=== Exercise ===
The data below is to be written out exactly, with no pictures.

=== Input data ===
◇ ◇ ◇ ◇

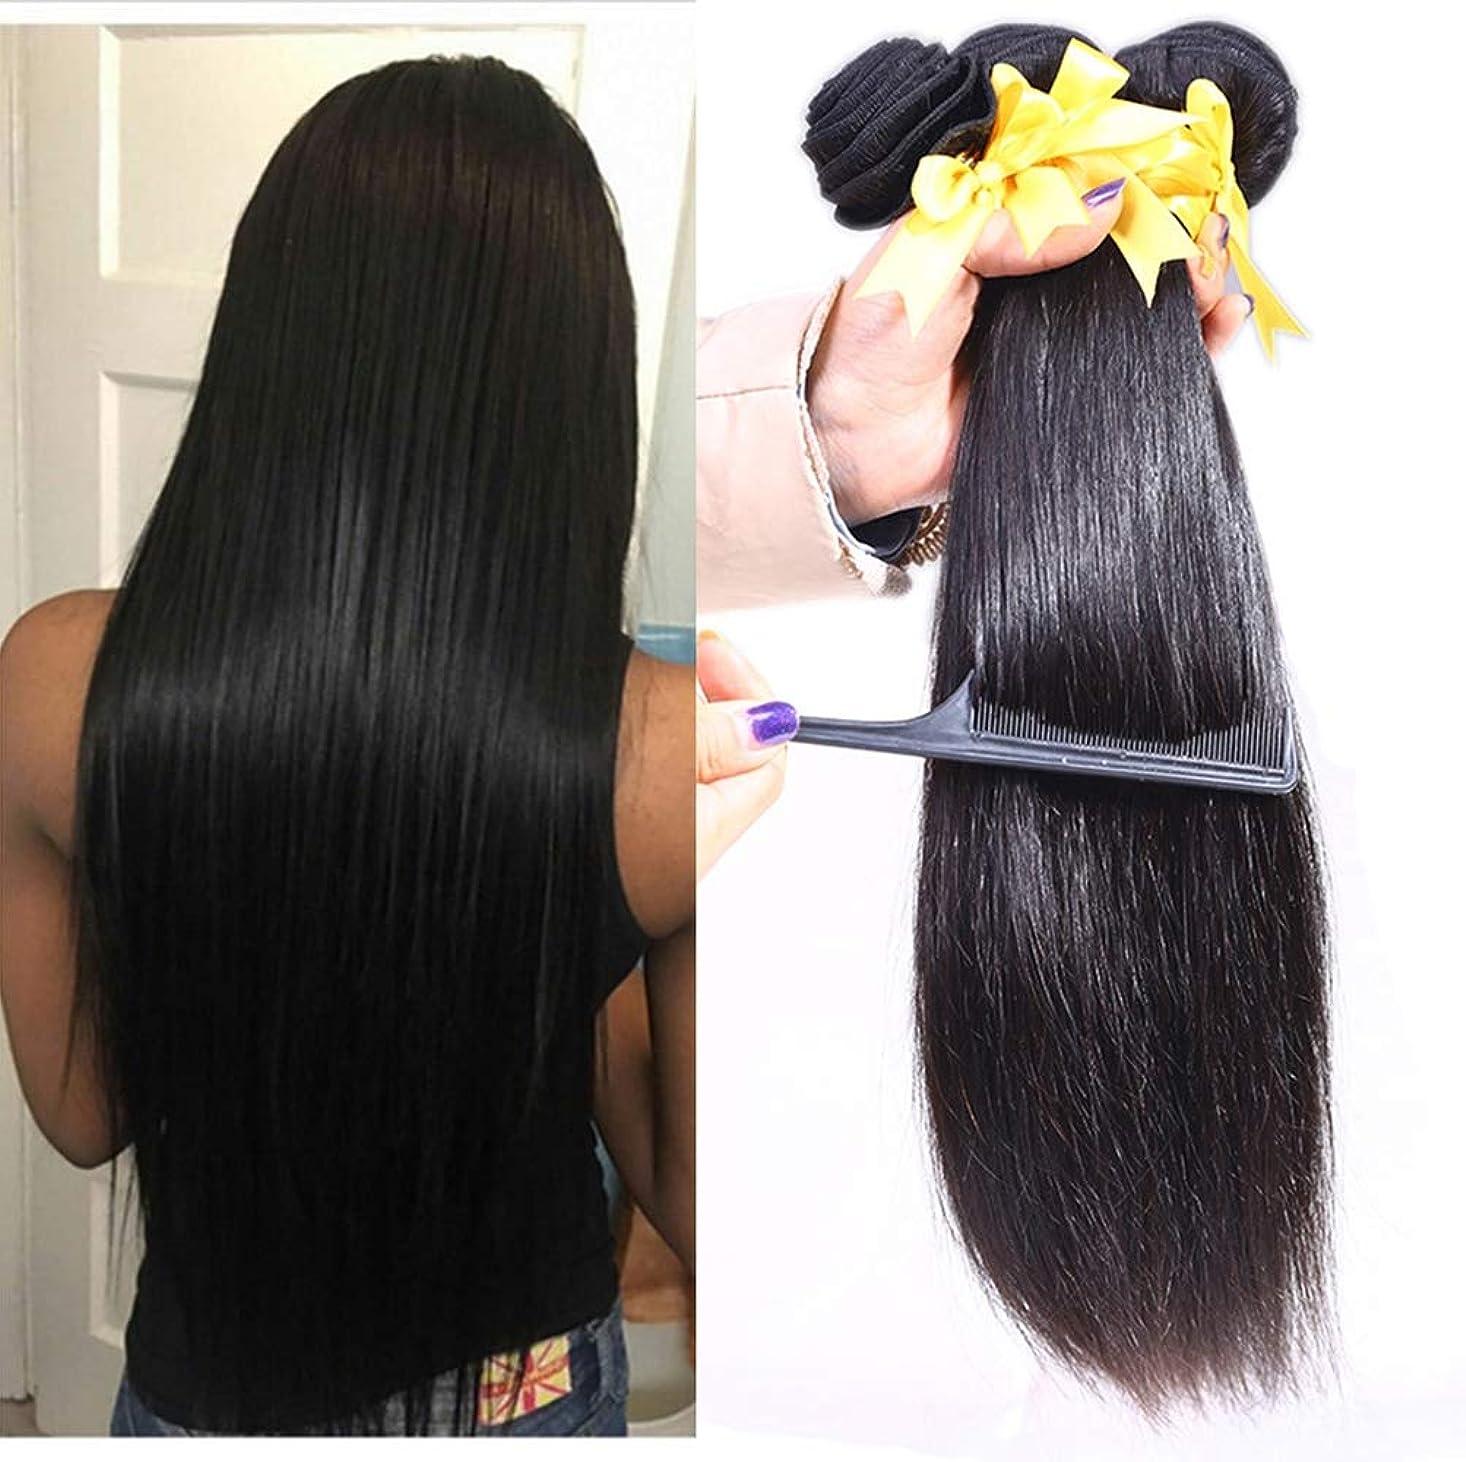 感嘆牛通信網女性150%密度バージンヘア1バンドルストレートヘア100%未処理の本物の人間の髪横糸ストレートヘアバンドル
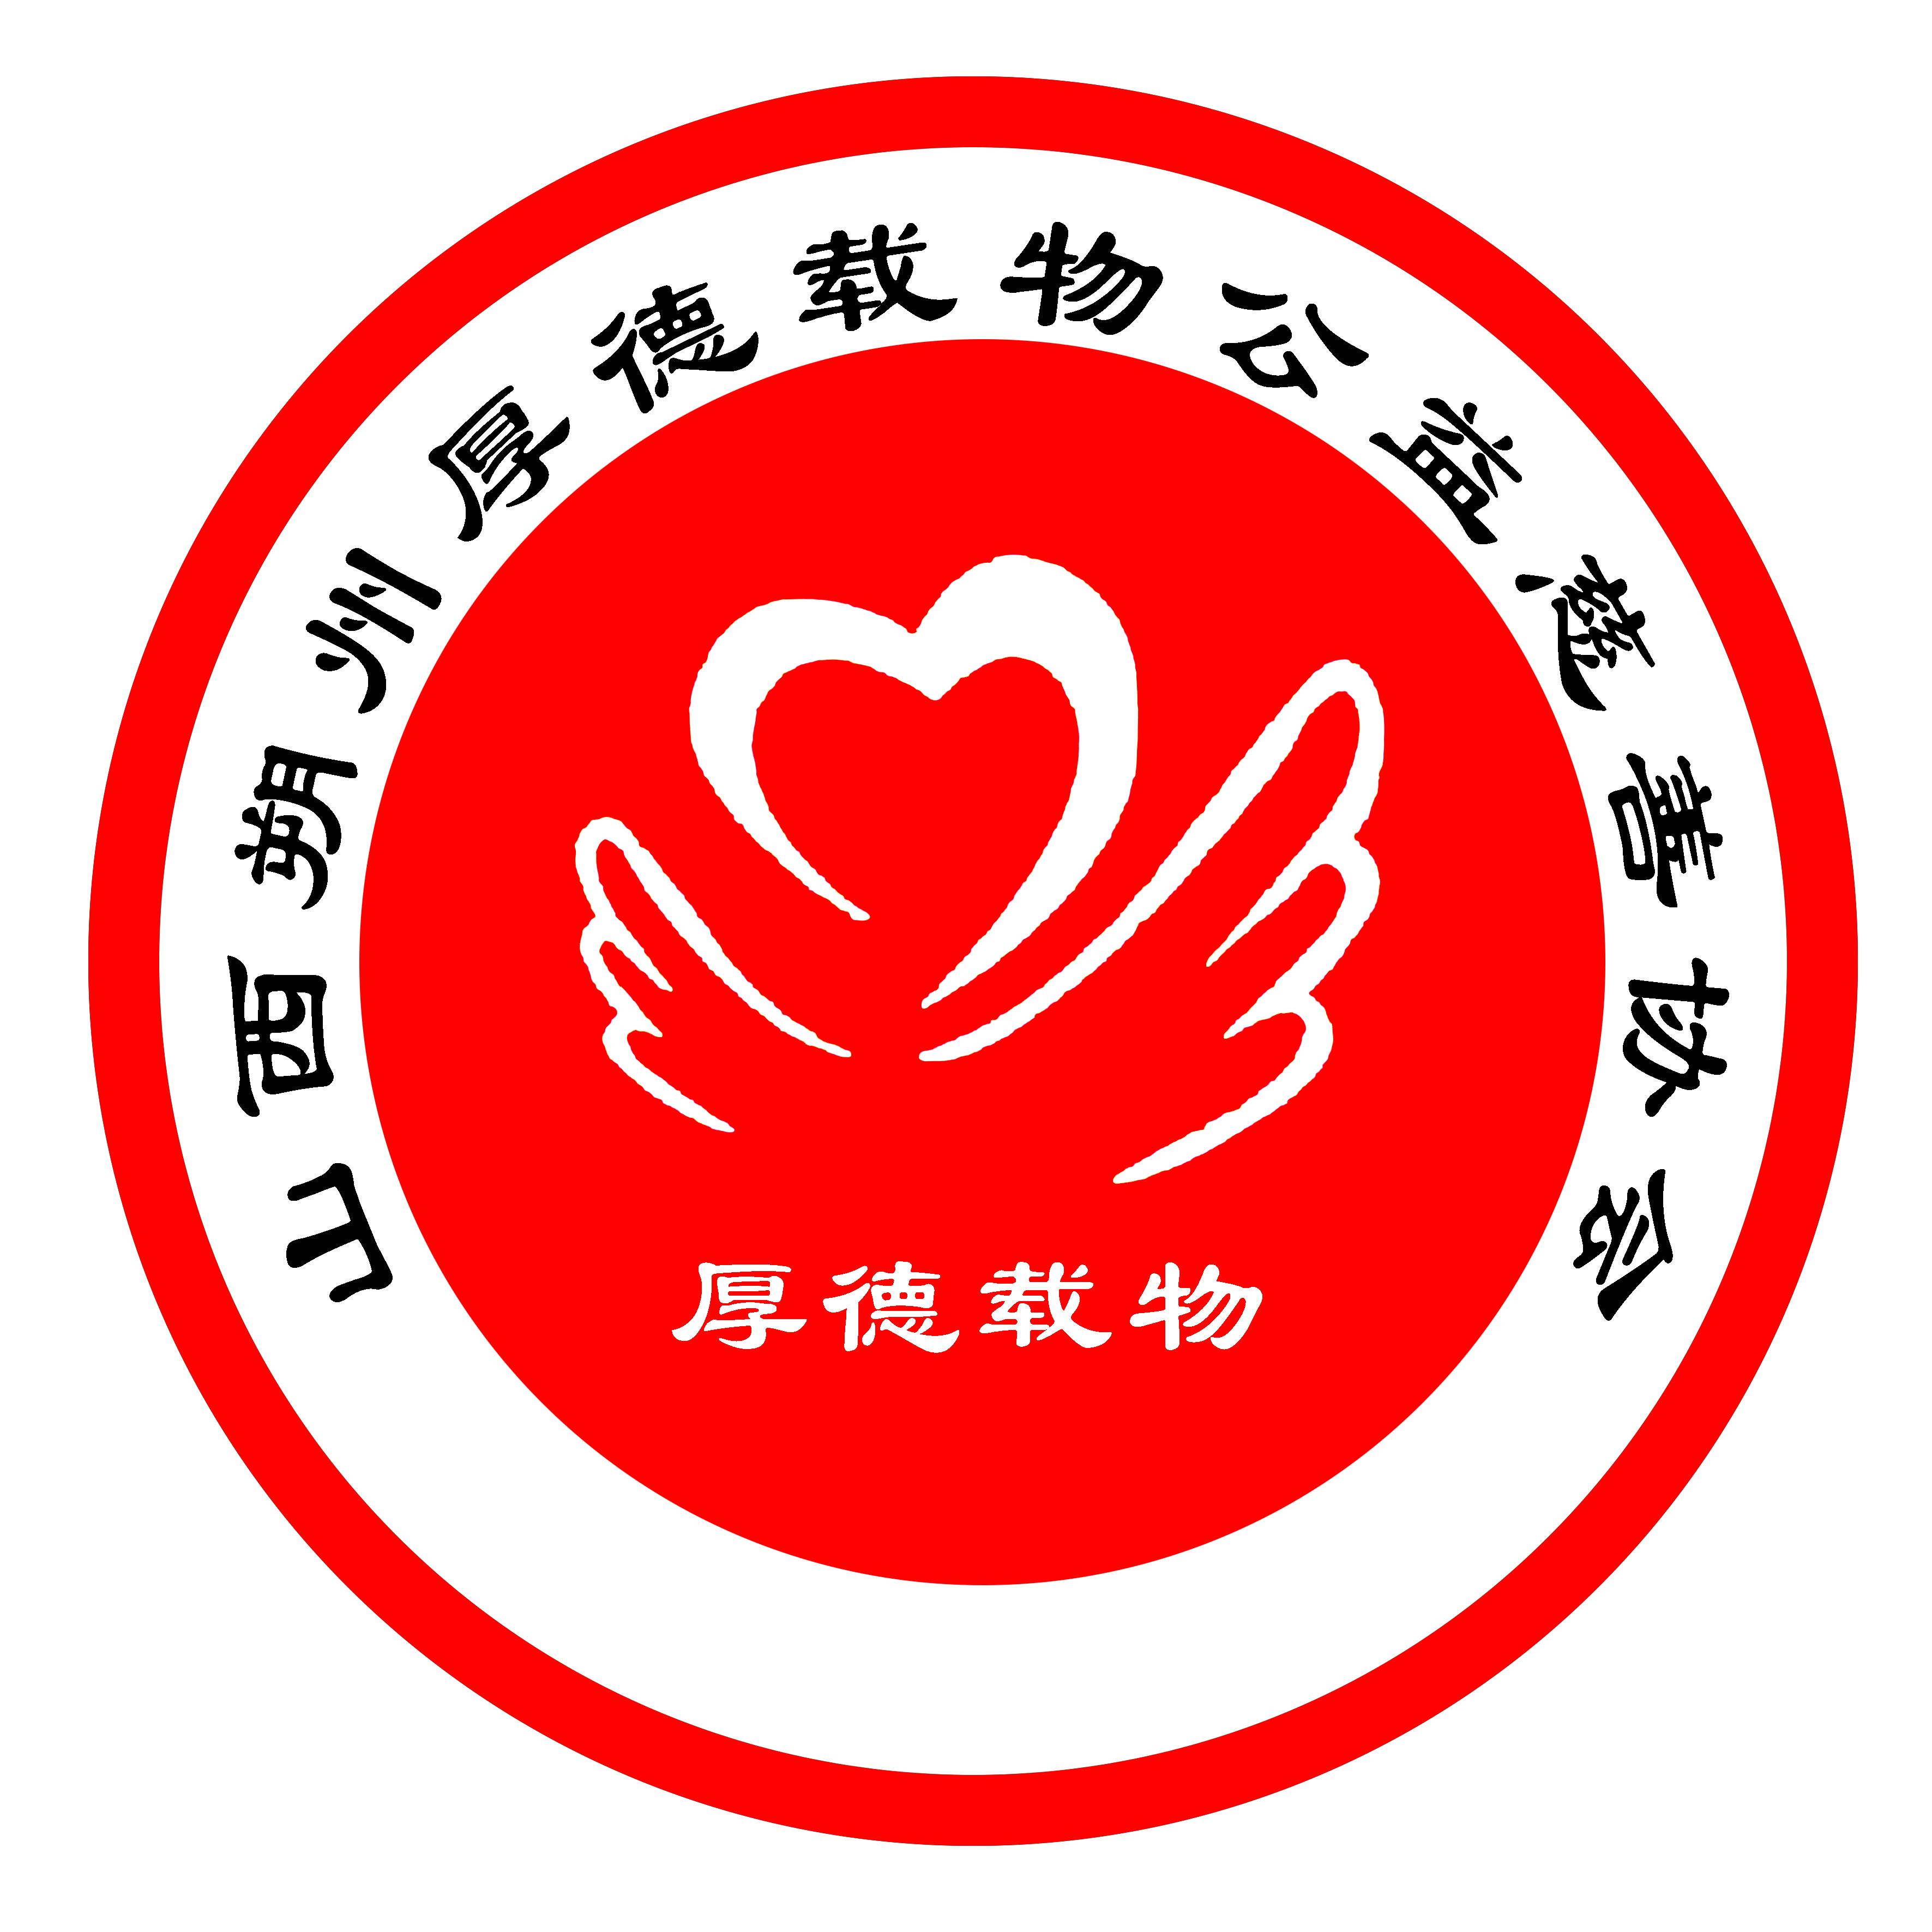 青岛市慈善总会会徽
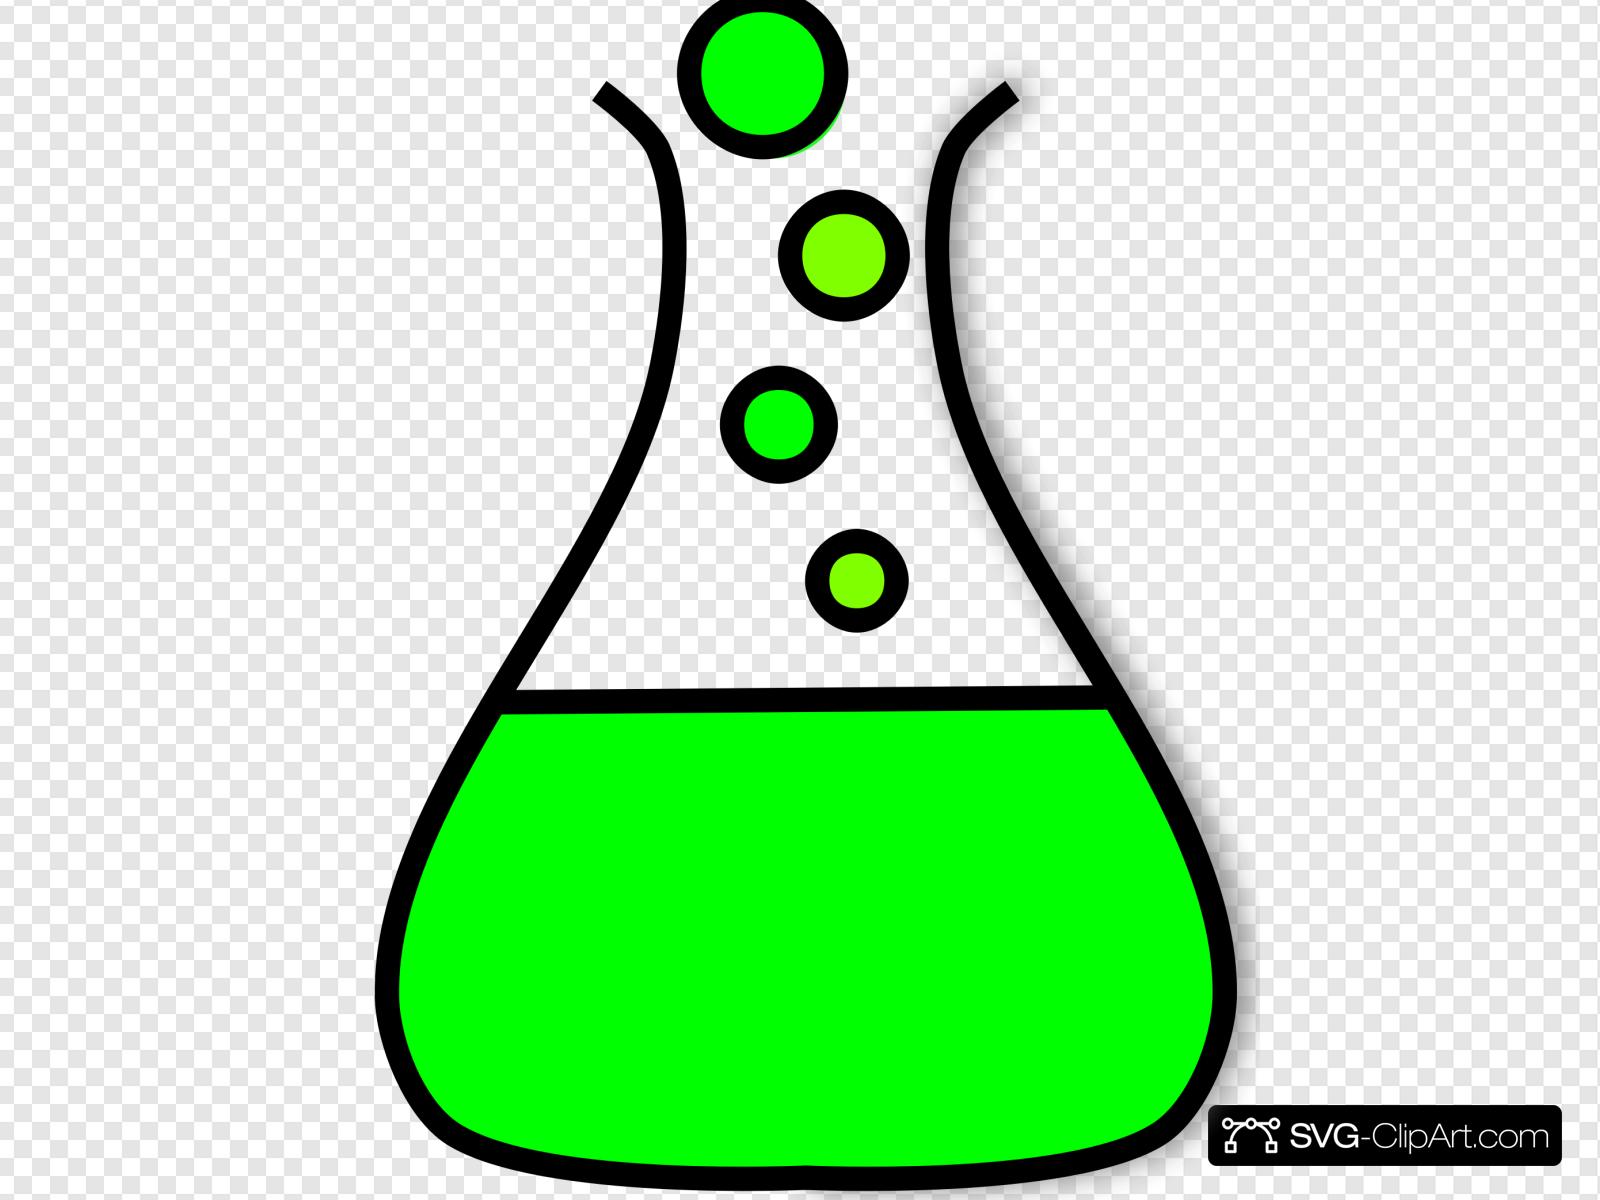 Beaker Green Bubble Prezi 2 Clip art, Icon and SVG.

◇ ◇ ◇ ◇

=== Your solution ===
 感嘆牛通信網女性150%密度バージンヘア1バンドルストレートヘア100%未処理の本物の人間の髪横糸ストレートヘアバンドル
 青岛市慈善总会会徽
 Beaker Green Bubble Prezi 2 Clip art, Icon and SVG.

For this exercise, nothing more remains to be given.